Introduction

As mentioned before, Calends is a library for handling dates and times across arbitrary calendar systems. But what does that actually mean?

Let’s say you’re working on an application that uses dates. Pretty much anything can qualify, really – we use dates in everything, throughout our daily lives. Scheduling, journaling, historical research, projections into the future, or just displaying the current date in the UI. Now let’s say you want your app to be used by people all over the globe. The current approach, used for decades, is to simply use the Gregorian Calendar, which has (partially as a side effect of this decision) become the default calendar system in use across the globe, for coordinating, tracking, and preserving events worldwide.

But this decision wasn’t made with internationalization and localization in mind. It was made as a result of practicality, with limited computing capabilities at the time, and persists mostly as a result of laziness – if the entire world is already using it anyway, why bother with anything else? It has also persisted out of ignorance – many people aren’t aware there are other calendars out there in the first place, never mind that several are still in active use to this day. Properly localizing applications should include adjusting the displayed date to use the preferred calendar system of the user.

Sadly, most of the solutions currently available for handling dates (and times) in software are purpose-built for a single calendar system, and use APIs entirely different from those meant to handle dates in others. This makes it very tricky to build an application that supports more than one calendar system at a time. Each new calendar system requires hours of work to learn, connect, and usually abstract to a point where it is usable within the larger application, and even that’s no guarantee the values can be stored or compared accurately.

That’s what Calends set out to solve. It provides a single interface for interacting with any supported calendar system, and an easy way to extend it to support others, so that once you’ve added support for a calendar system once, you have that support anywhere, without having to rewrite anything to fit your next application. Additionally, you can take full advantage of any calendar system implemented by anybody else.

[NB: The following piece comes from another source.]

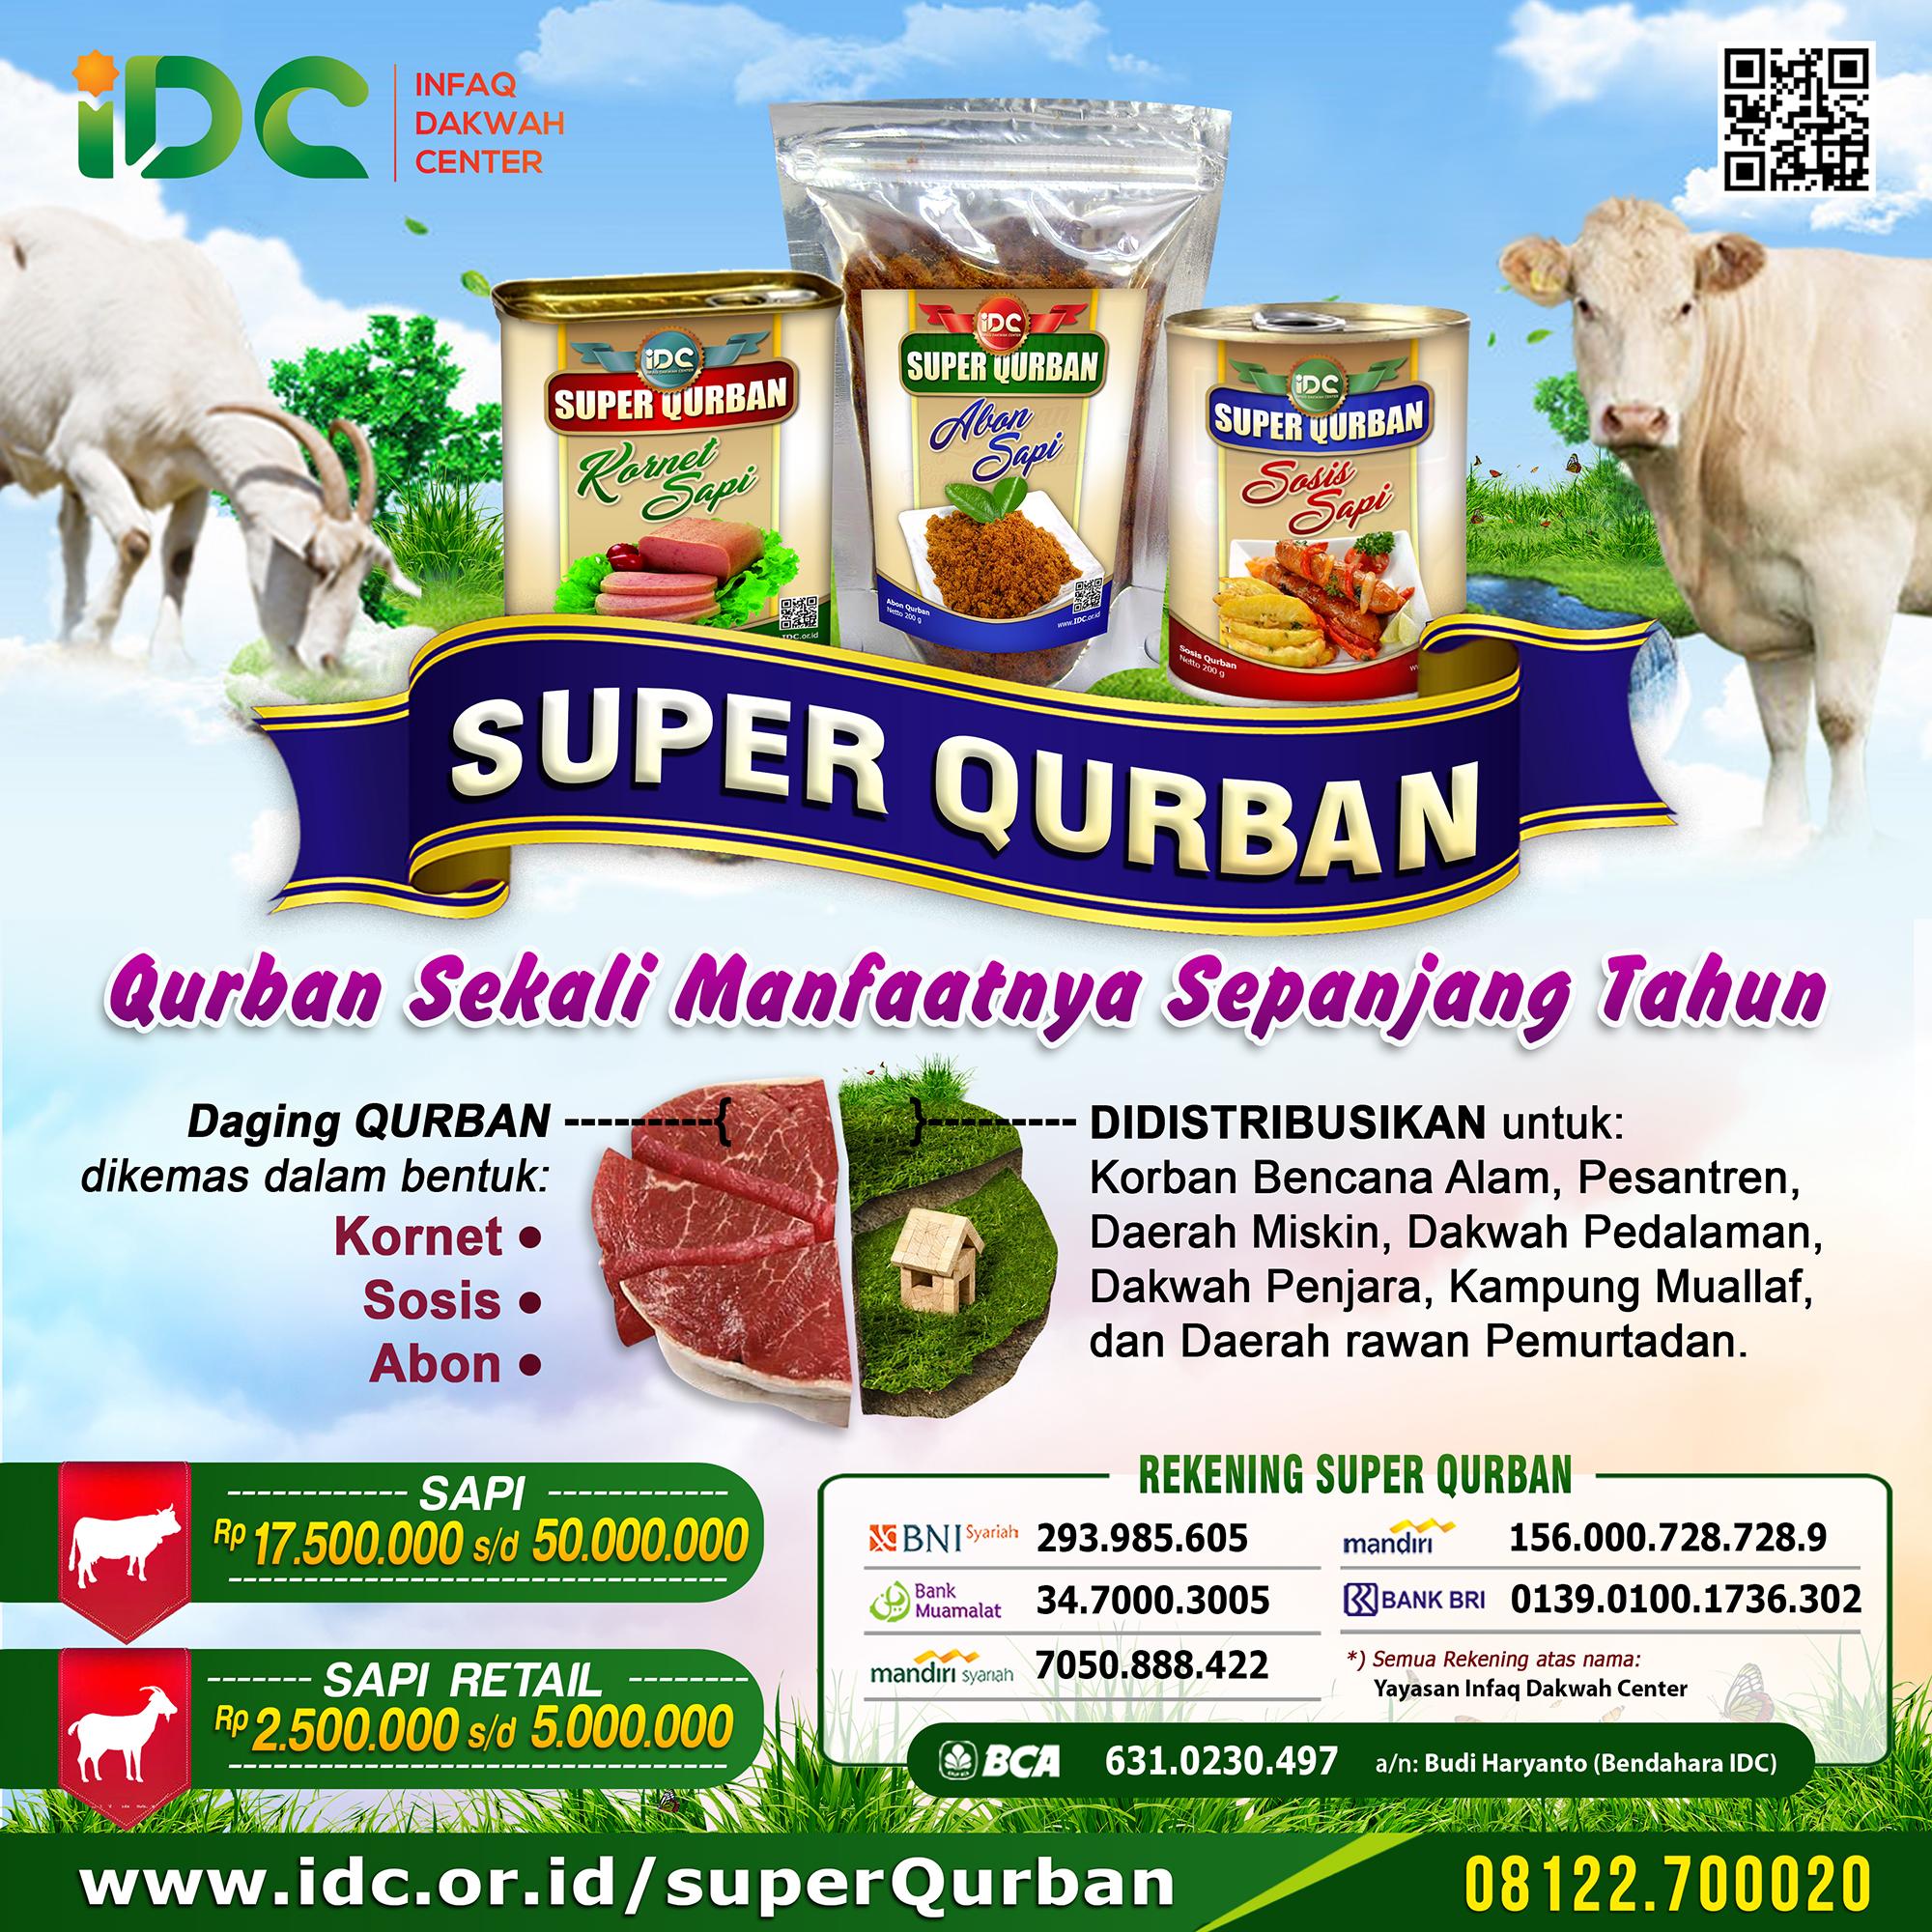 Super Qurban Abadi Berqurban Sekali Manfaatnya Mengalir Sepanjang Tahun

Accept date/time input in any calendar system, perform date/time calculations on the resulting value, again in any calendar system, and then display the result – yes, in any calendar system. Dates are stored, internally, in an extremely accurate value that can track dates out 146 billion years into the past or future, with a resolution of 10-45 seconds, which is smaller than Planck Time1. In other words, it should be more than sufficient to record instants of any duration and resolution desired for any conceived use case.

1

Planck Time is the smallest meaningful unit of time, and is about 54×10-45 seconds. It corresponds to the amount of time it takes a photon (traveling at the speed of light through a vaccuum) to traverse one Planck Length, which itself is about 10-20 times the diameter of a proton. Even quantum interactions below this scale lose any meaning, and so values below them are considered extraneous, in addition to being entirely unmeasurable with current technologies and techniques.